- PROMPT -
Retype, word for word, the line holding "Daruji TV LG323000." and each line after it down to the end of the data; pictures are not copied.

- STORED DATA -
_ _ _

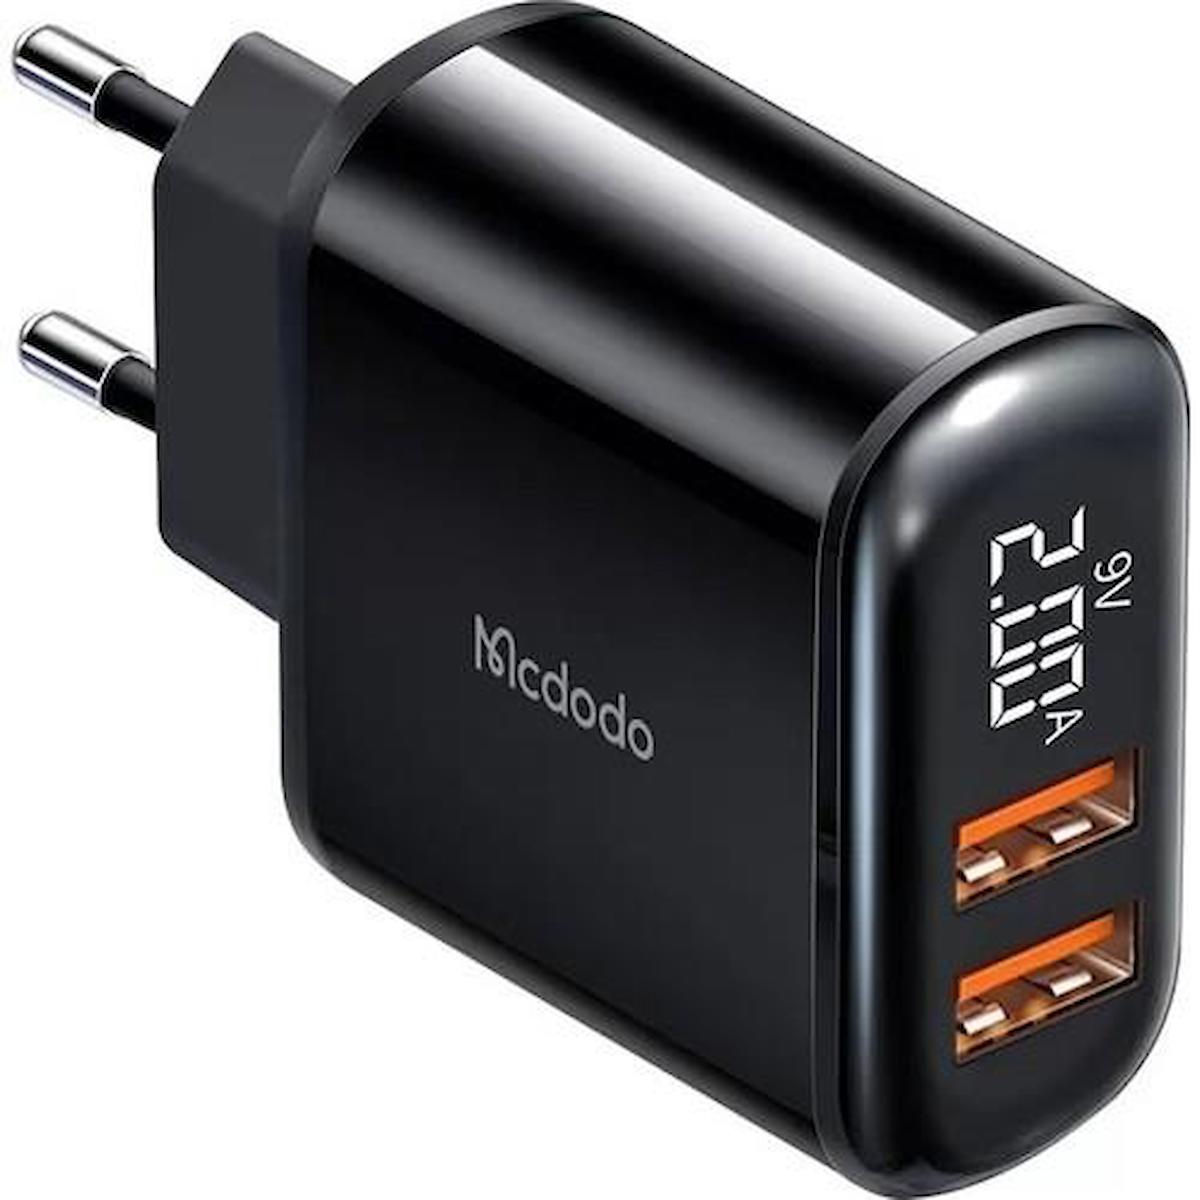 Mcdodo CH-6330 Universal USB Kablolu 18 W Hızlı Şarj Aleti Siyah
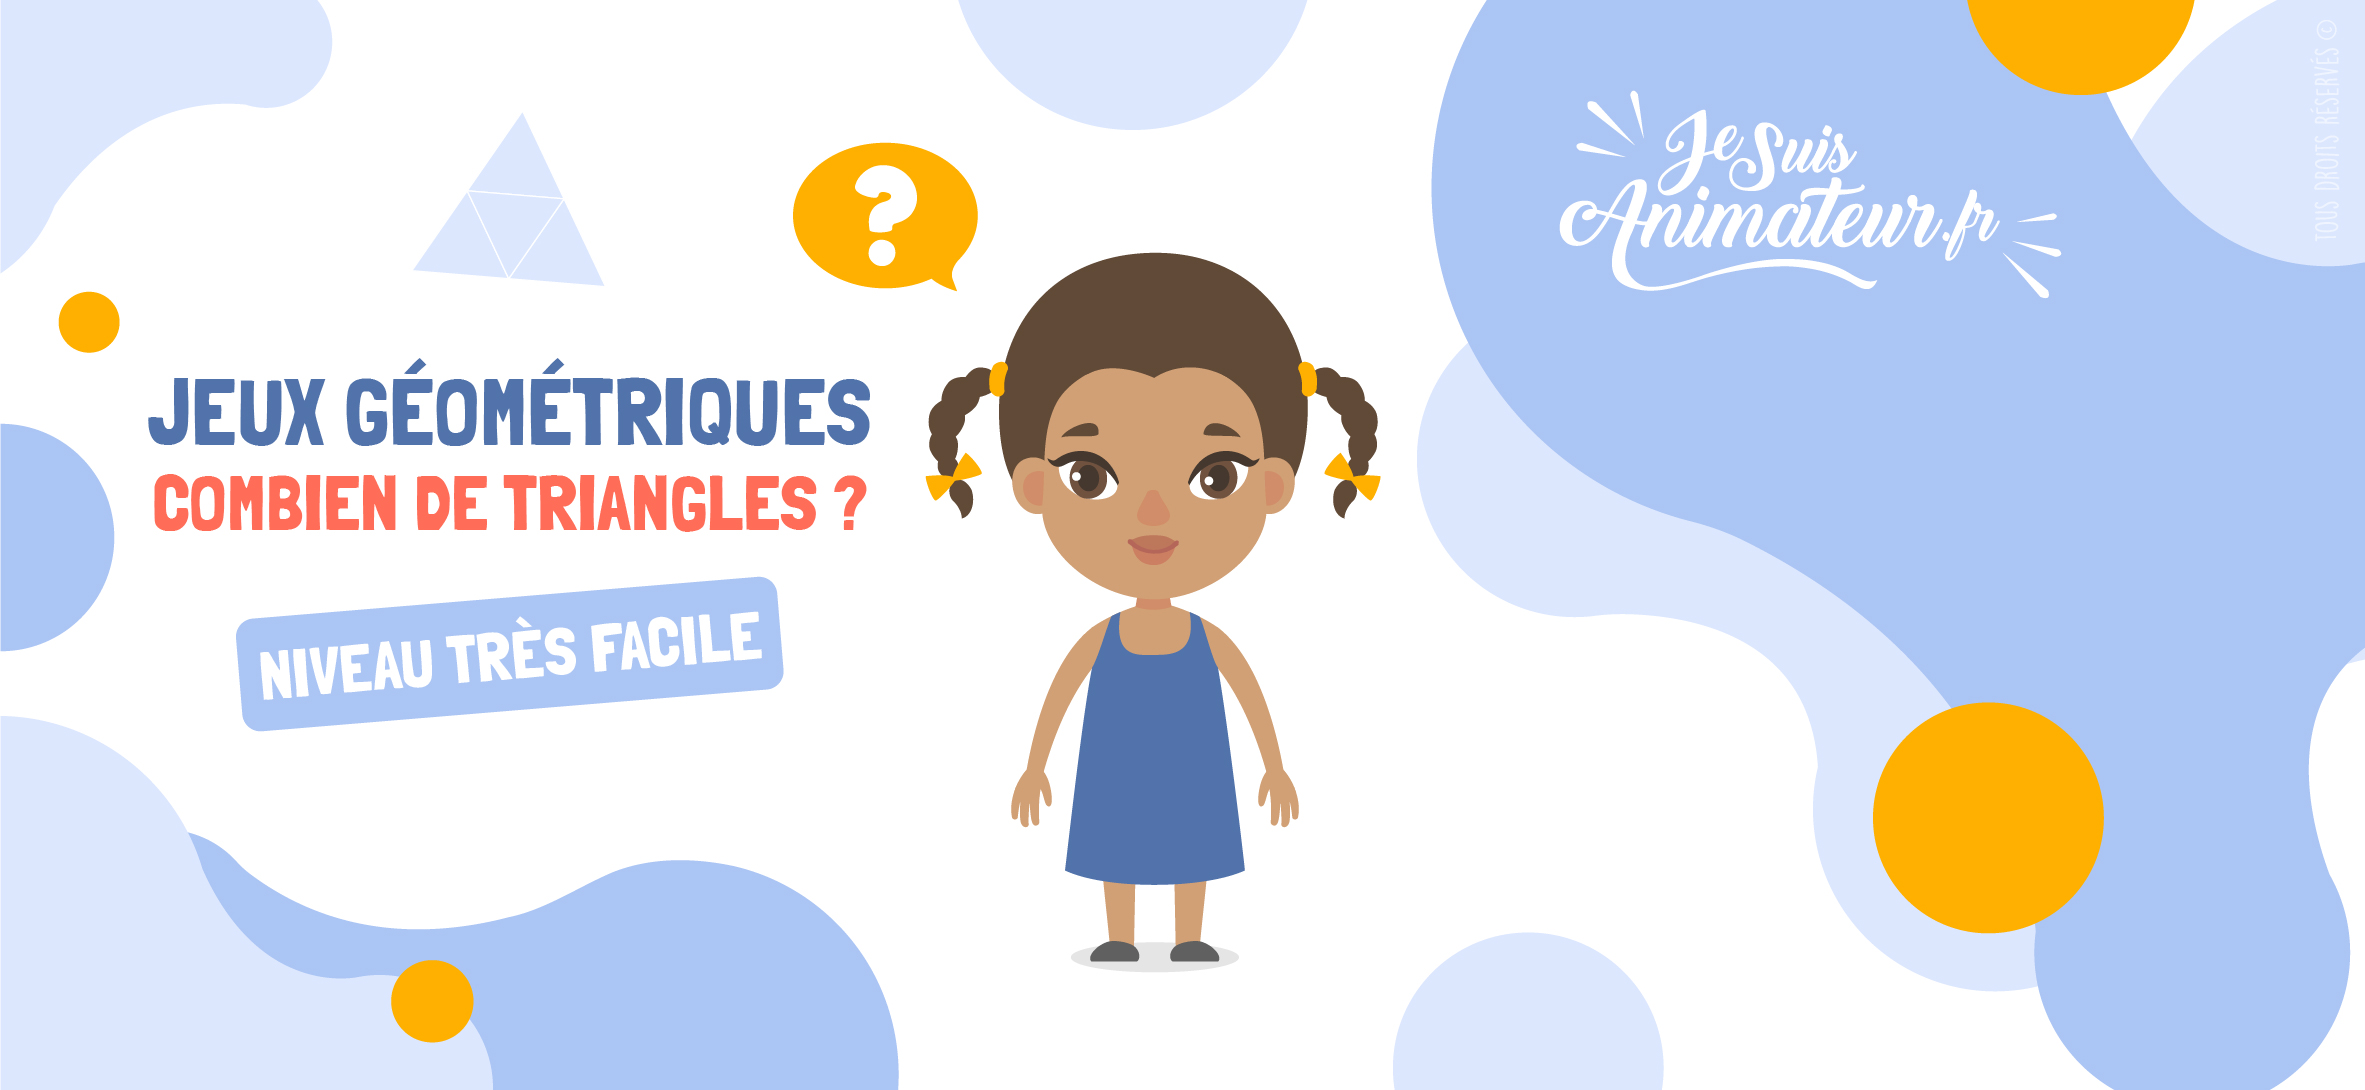 Combien de triangles comptez-vous dans ces figures ? (niveau très facile) | JeSuisAnimateur.fr
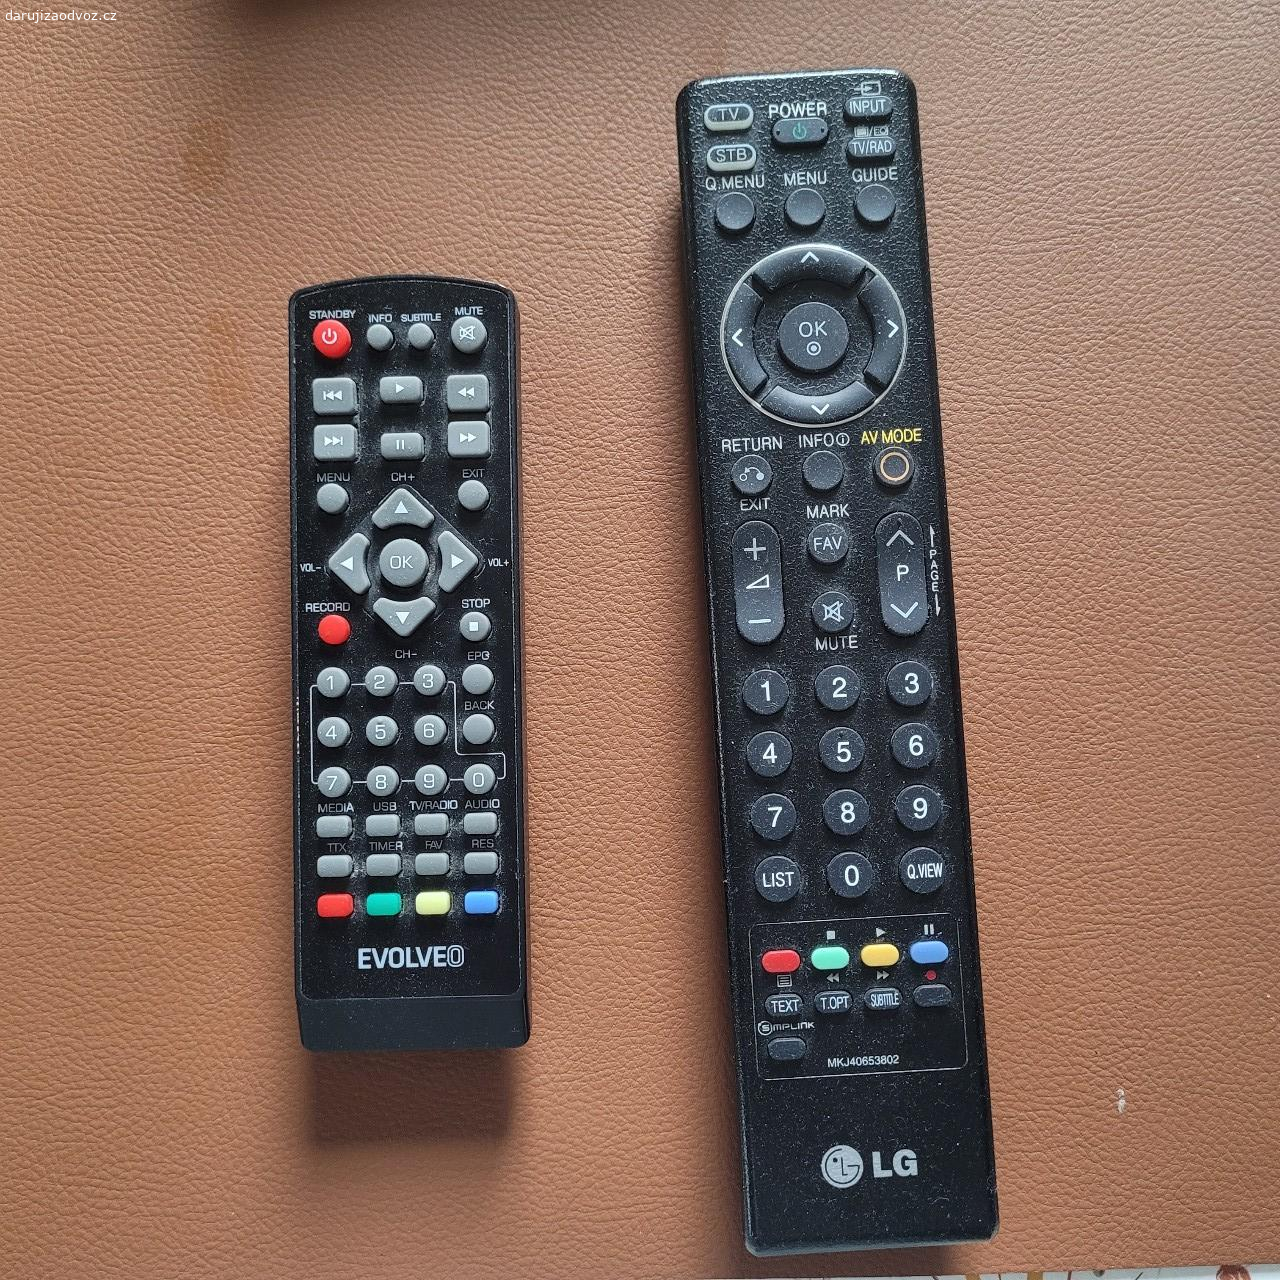 Daruji TV LG323000. Daruji televizi značky LG, model 32LG3000. Plně funkční, v dobrém stavu, cca 10 let stará. Spolu s DVB T2 set top boxem a dvěma ovladači (na TV a na set top box). Odběr pouze osobně v okolí Šluknova.
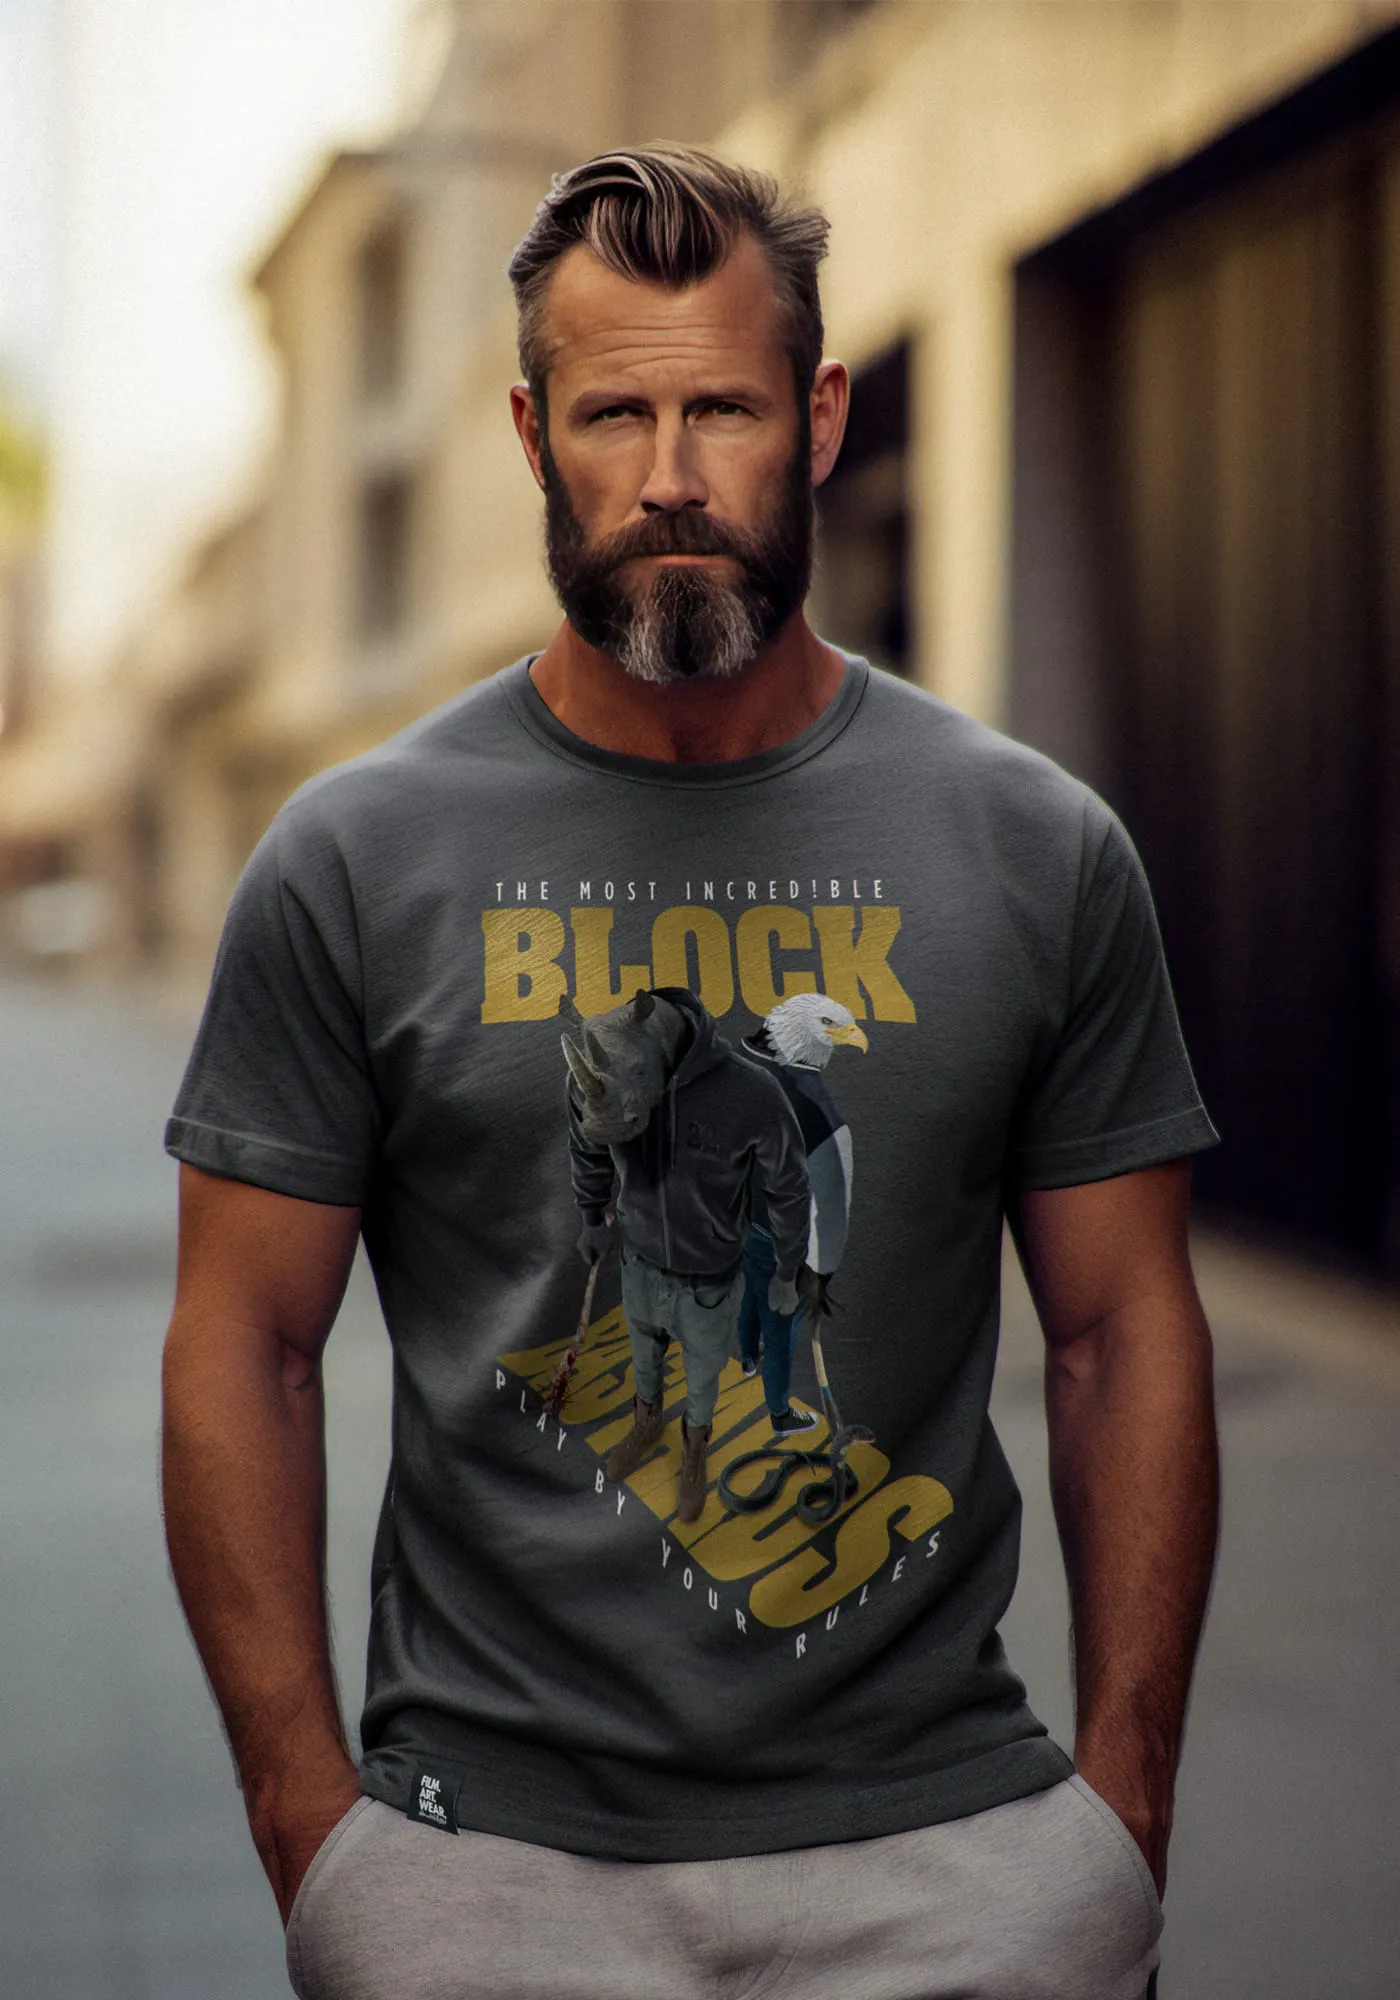 Matt trägt Blockbastards T-Shirt in anthrazit in urbaner Straßenumgebung

_ _ _

- SOLUTION FOR THIS TASK -
 Daruji TV LG323000. Daruji televizi značky LG, model 32LG3000. Plně funkční, v dobrém stavu, cca 10 let stará. Spolu s DVB T2 set top boxem a dvěma ovladači (na TV a na set top box). Odběr pouze osobně v okolí Šluknova.
 Matt trägt Blockbastards T-Shirt in anthrazit in urbaner Straßenumgebung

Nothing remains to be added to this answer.